# GLOSSMAX contact numbers?



## Wrighty (Sep 9, 2007)

Visited the GLOSSMAX shop twice during it's supposed opening hours but shop was all locked up.
Tried repeatedly ringing both the landline and mobile to see if opening days have changed, but to date have had no answer.

Anyone shed any light on this please!!!


----------



## Glossmax (May 9, 2007)

The shop was closed a week ago Jason, put up a post in the Traders section.
Sorry for the confusion.
You can still pick product up from us as the company is still going and the internet side of the business is unaffected, but I'll need to know when.


----------



## vw beetle (Feb 26, 2009)

Trying to get hold of you to see what items you have and collect :driver::car: tomorrow.

If i cant get hold of you tomorrow.
Anyone know where else i can find products,
like snowfoam :detailer: and a g220 kit :buffer:.

So anywhere between chepstow and porthcawl.

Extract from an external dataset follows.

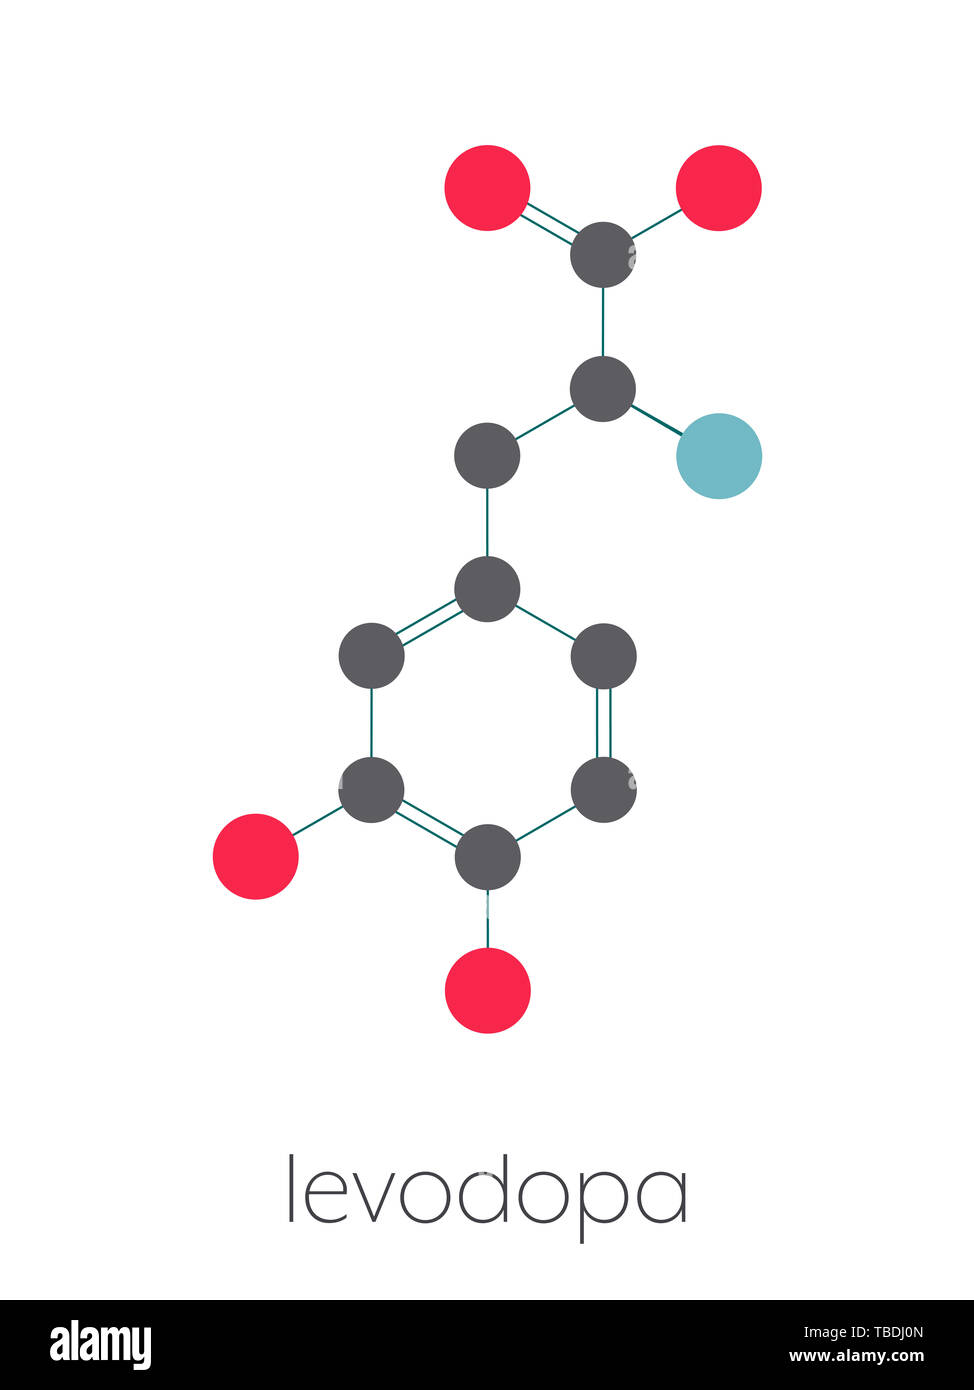 L-DOPA (levodopa) Parkinson's disease drug molecule. Stylized skeletal formula (chemical structure). Atoms are shown as color-coded circles connected by thin bonds, on a white background: hydrogen (hidden), carbon (grey), oxygen (red), nitrogen (blue). Stock Photo

P.S can anyone confirm its still the numbers on website to ring as mobile is not connecting


----------



## cosmo (Mar 8, 2007)

_GLOSSMAX_ website now comes up with a security warning too 

Has it all bitten the dust :doublesho

Do I smell a rat


----------



## Guest (Aug 28, 2010)

We live an learn really, I work in a pub now and serve undersupervision. I work less hours and take home about £75 a week so I'm much better off


----------



## Ste T (Jul 17, 2008)

Sam, i would just hold off making anymore post in this threads and think about editing your previous one, its not fare, this is between you and Mr Glossworx, im glad you took the right steps, if your unhappy in a place of work you should leave, and there are problems in 99% of work places with customers, but im sure if the mini customer was to now come across this post and read it they would be very unhappy, even if it is the truth. please dont see this as im being a keyboard warrior, im just airing on the side of caution.


----------



## Guest (Aug 28, 2010)

20RSport said:


> Sam, i would just hold off making anymore post in this threads and think about editing your previous one, its not fare, this is between you and Mr Glossworx, im glad you took the right steps, if your unhappy in a place of work you should leave, and there are problems in 99% of work places with customers, but im sure if the mini customer was to now come across this post and read it they would be very unhappy, even if it is the truth. please dont see this as im being a keyboard warrior, im just airing on the side of caution.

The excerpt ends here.